Hutchinson failed to notify the company of missed deadlines and court appearances in the case, also in Independence County, the new suit claims. The company "learned of the judgment for the first time from its banking institutions, who were processing the garnishments" in the Coleman case. The order of garnishment went out Feb. 21, 2017, according to the new lawsuit.

The suit, filed Friday, also reserves the right to seek recovery of the retainer fees and gifts Preferred Family paid Hutchinson, a sum estimated at $500,000 in a federal criminal case involving the lobbyist responsible for Hutchinson's hiring.

Hutchinson hasn't been charged in the federal investigation. Dudley said Friday his client cannot reasonably be acknowledged to be Preferred Family's lawyer, as stated in Friday's suit, and be recipient of a bribe only disguised as a lawyer fee at the same time.

"They attach a letter as an exhibit in this lawsuit in which they say they are raising his retainer fee because of the good job he's doing," Dudley said.

Still, Preferred family's suit seeks to leave the door open for further recovery and asks for a jury trial, the suit says.

"Mr. Hutchinson may have caused additional and material financial injury to [Preferred Family and Health Resources] through additional acts and omissions, as suggested by his invoicing and receiving monthly payments of [totalling] $108,000 in 2016 and $271,000 in 2013-2015 without corresponding evidence of any legal work," the lawsuit says.

Cranford said in his plea an Arkansas lawmaker identified as "Senator A" in court documents was paid a retainer as a form of bribe along with receiving cash and other gifts either from the company, Cranford or other Cranford lobbying clients. Total value of the gifts and retainers is estimate at $500,000 in the plea.

Preferred Family has either dismissed or suspended at least four members of its top management team since November after being briefed on the investigation in October, the company says.

"Today's Preferred Family Healthcare is a different organization than the one led by the executives who came from Alternative Opportunities before the merger of AO into PFH in 2015," the company said Friday. "After the merger, as we became aware of significant wrongdoing by certain executives and consultants, we removed those who put personal gain over the PFH mission."

Dismissed executives included the chief executive, chief operating and chief financial officers of the company.

Preferred Family has 47 locations in Arkansas and other operations in Missouri, Oklahoma, Kansas and Illinois. In Arkansas, the company's finances are now subject to monthly review along with unannounced inspections of facilities by the state Department of Human Services, the agency and the governor's office has confirmed.

Preferred Family is cooperating with federal investigators, the company's statement said.

"As part of that investigation, PFH reviewed its relationship with Jeremy Hutchinson and based on that review, today filed a civil lawsuit against Hutchinson and the law firm of Steel, Wright, Gray & Hutchinson," the statement said. "The lawsuit alleges significant malpractice on Hutchinson's part in his representation, or lack thereof, of PFH."

Hutchinson's law firm disavowed any role in the matter in a statement Friday. "As a professional association, the firm's partners manage their own clients and caseloads, with few exceptions," the law firm's statement said. "In this matter, no other members of the firm performed any legal work or received any fees from this client.

"We are reviewing the complaint, but as for the allegations contained in it, we would refer all questions to Mr. Hutchinson or his attorney."

The dismissed Preferred Family executives are CEO Marilyn Nolan, chief operating officer Bontiea Goss and chief financial officer Tom Goss, all of Springfield, Mo.

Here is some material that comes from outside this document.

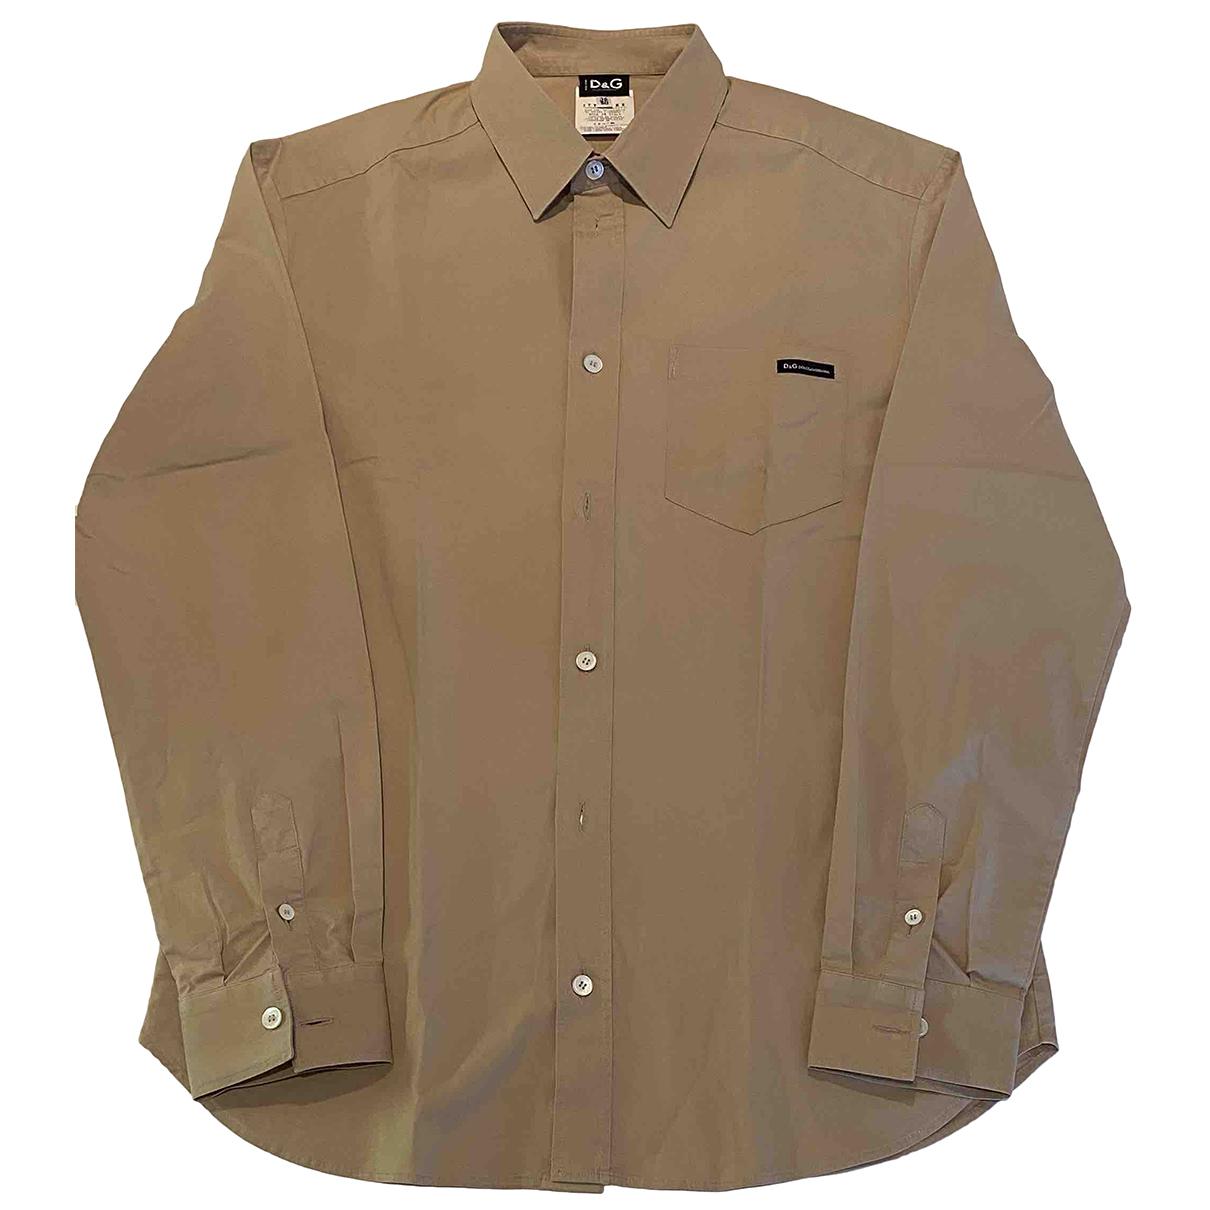 D&g - Chemises   pour homme en coton - beige

Hutchinson's 2012 campaign contribution and expenditure report shows a $2,000 contribution from the Cranford Coalition, Rusty Cranford's lobbying firm. The Cranford Coalition also donated $2,000 in 2013, reports show.

Additional 2013 contributions include $2,000 each from Cranford, his wife Karen Sue Cranford and son Chase Cranford. Marilyn Nolan contributed $500. Pro 1 of Springfield, a thermostat manufacturing and import company with Tom and Bontiea Goss on its board, gave $2,000.